This is the second part of a two-part activity! The first part is available here.
We’re less socially responsible when we’re together with others.
We think we see things but we don’t.
If I as you for help, you will like me more!
Getting something in return for our acts isn’t what truly motivates us.
It’s difficult to motivate people directly.
Dylan James mentions “deindividuation,” and specifically a clever 1976 study on that phenomenon, described in detail on Scientific American. Researchers wanted to know under what conditions trick-or-treating kids would be more likely to take extra candy. On Halloween, experimenter stationed themselves inside Seattle homes and opened the doors to trick-or-treaters. Half the time, the experimenter asked the kids what their names were and where they lived. Half the time, she didn’t ask anything. In both cases, the experimenter said the kids were allowed to take one candy from a bowl and then went away to do some work. As it turns out, when we’re in groups, we tend to be less inhibited and act in non-socially normative ways.
“We are not as observant as we think we are,” writes Lukas Schwekendiek. People who have watched the video (you can watch it here) don’t notice the gorilla, presumably because they’re so wrapped up in counting the basketball passes. Of course, when asked if they would notice the gorilla in this situation, nearly everyone says they would.
James Saker highlights the psychological phenomenon commonly known as the “Ben Franklin Effect.” Supposedly, volunteers liked the experimenter most when they’d done him the favor of returning his money, and least when they’d gotten to keep their money.

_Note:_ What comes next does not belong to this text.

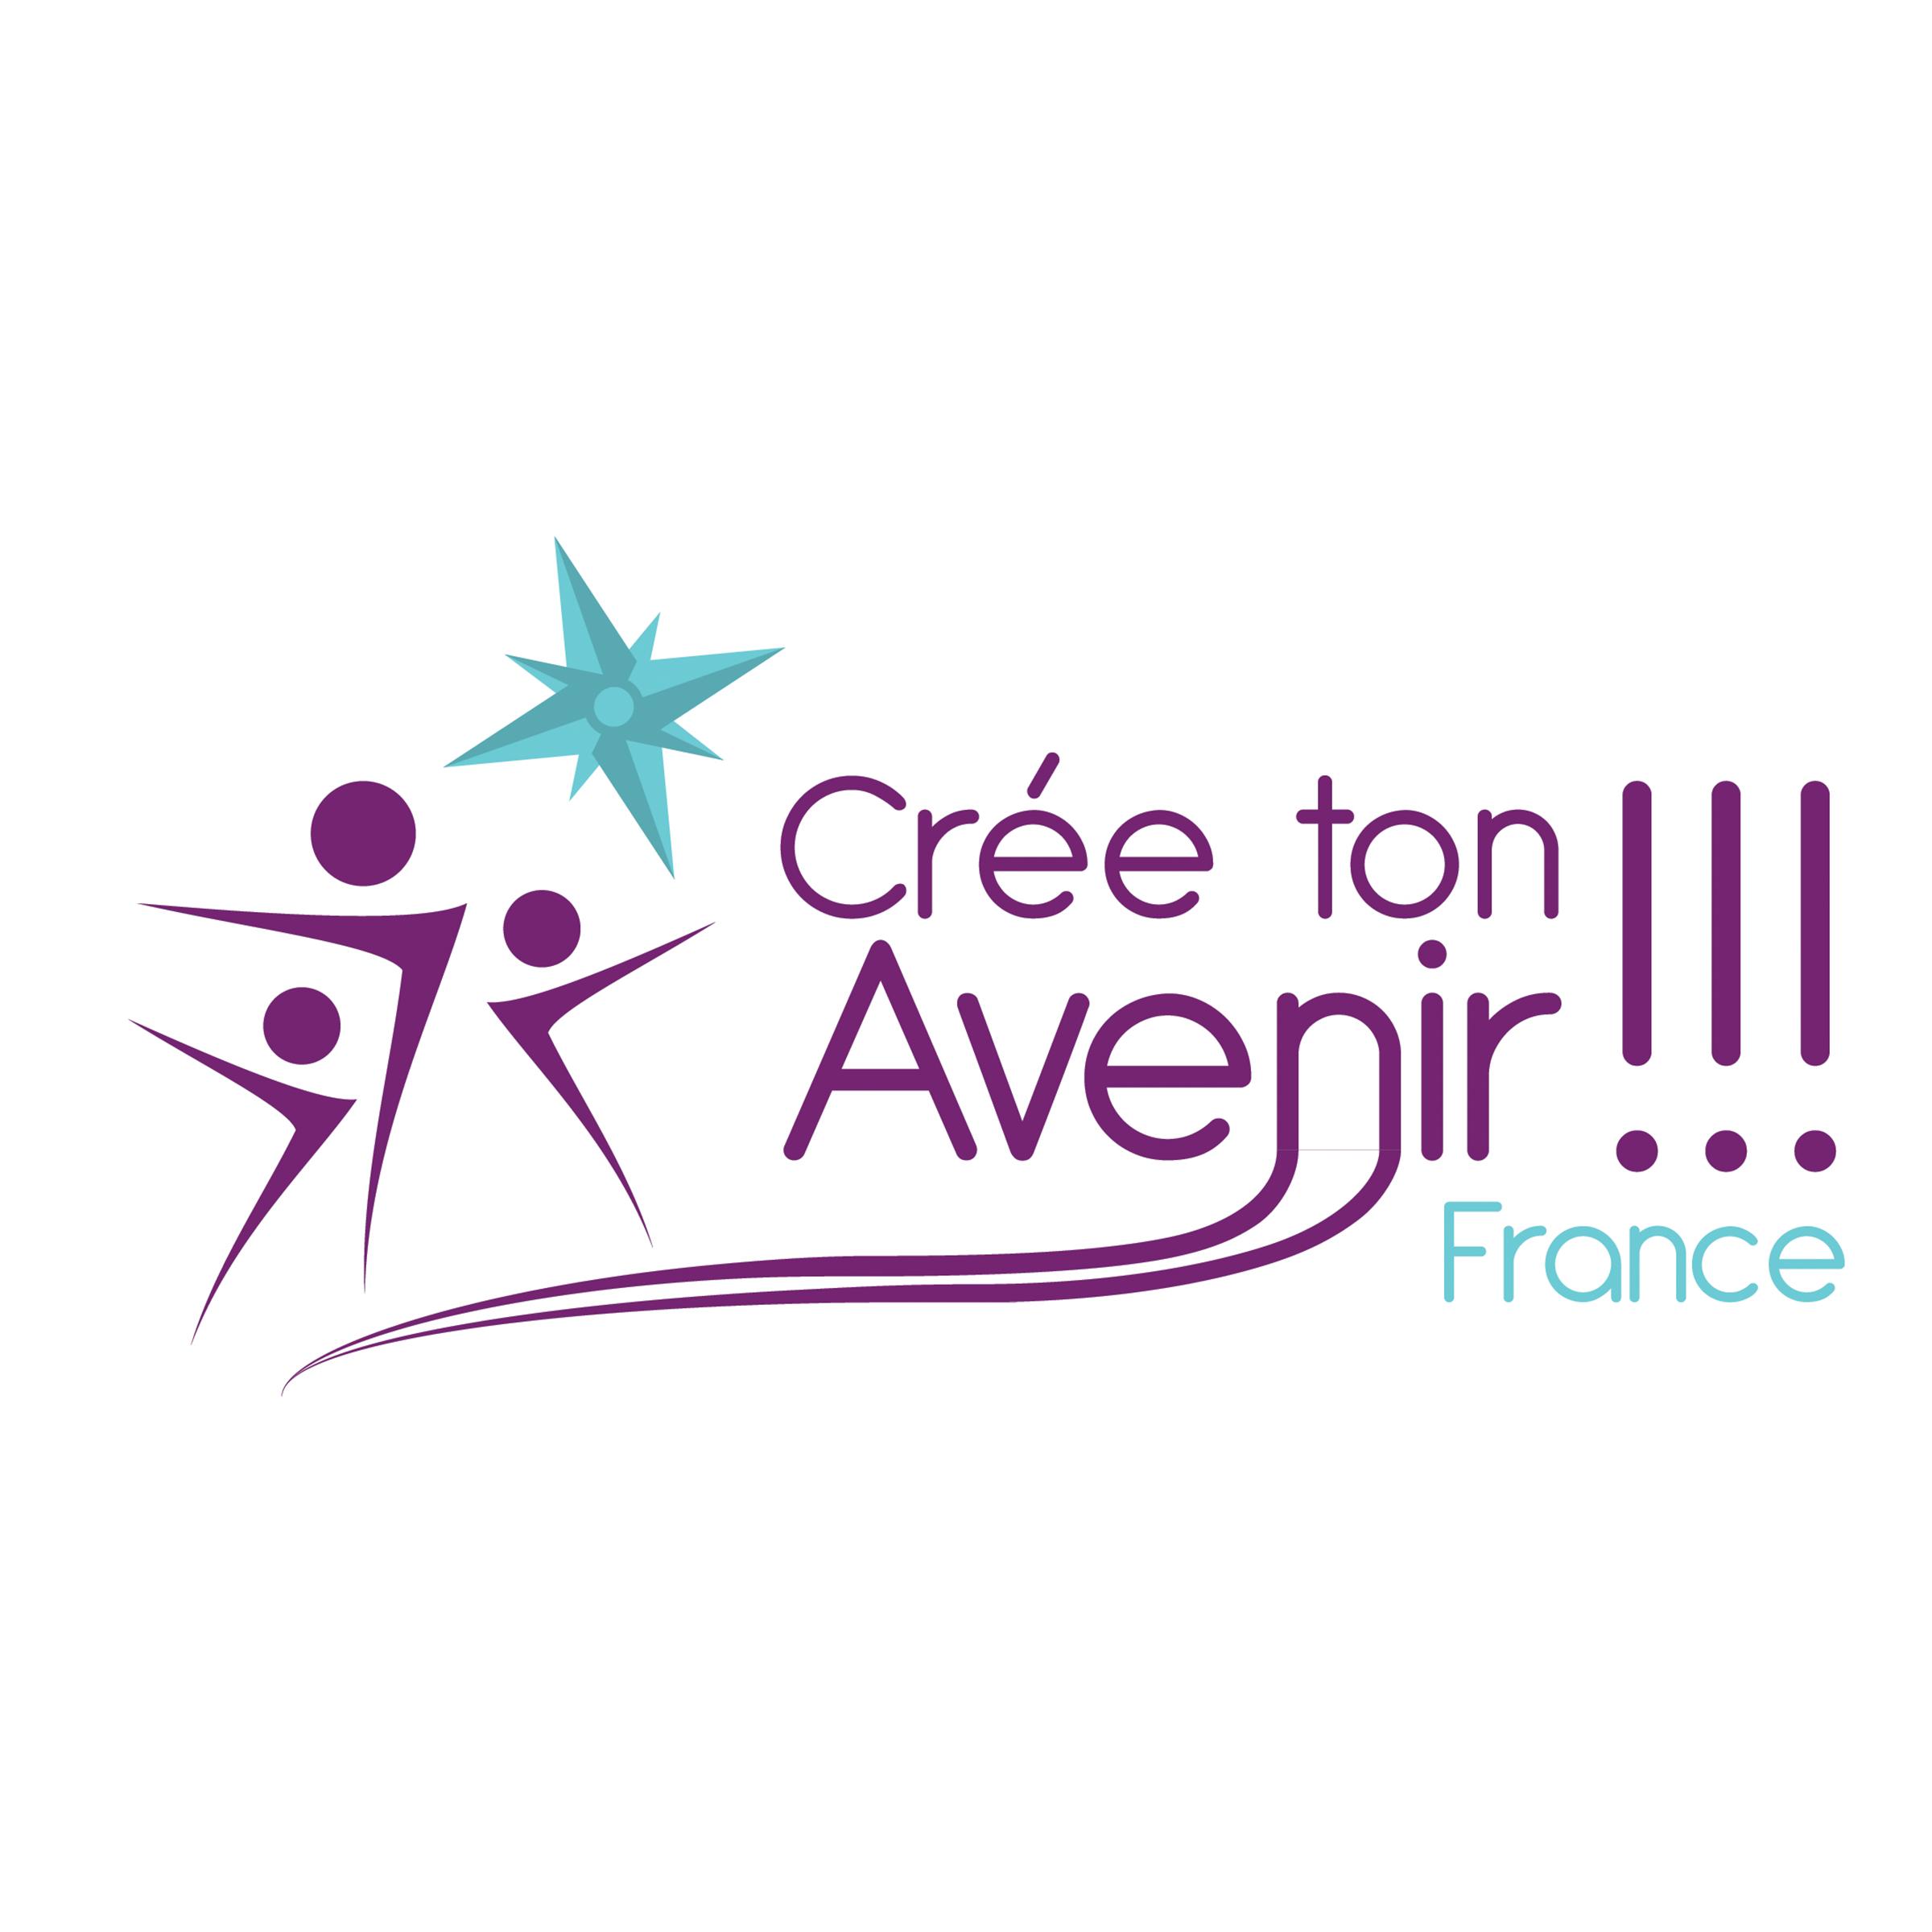 Crée ton avenir France

Self-determination theory is a framework used to understand human motivation. The theory was developed by Edward L. Deci and Richard M. Ryan, and has since been expanded by other researchers. According to Deci and Ryan’s research, when you perform an inherently interesting activity and are then rewarded for it, your intrinsic motivation (doing something because you enjoy it) can in some cases subsequently decrease. Think receiving a monetary bonus for hitting your goals at work and then feeling less inclined to work hard afterward. Nicolas Connault writes that this idea is often unpopular “because it essentially means you cannot directly control someone’s motivation.” He adds: “Despite this extremely well researched and cross-cultural effect, most people just don’t get it because it seems so counterintuitive.”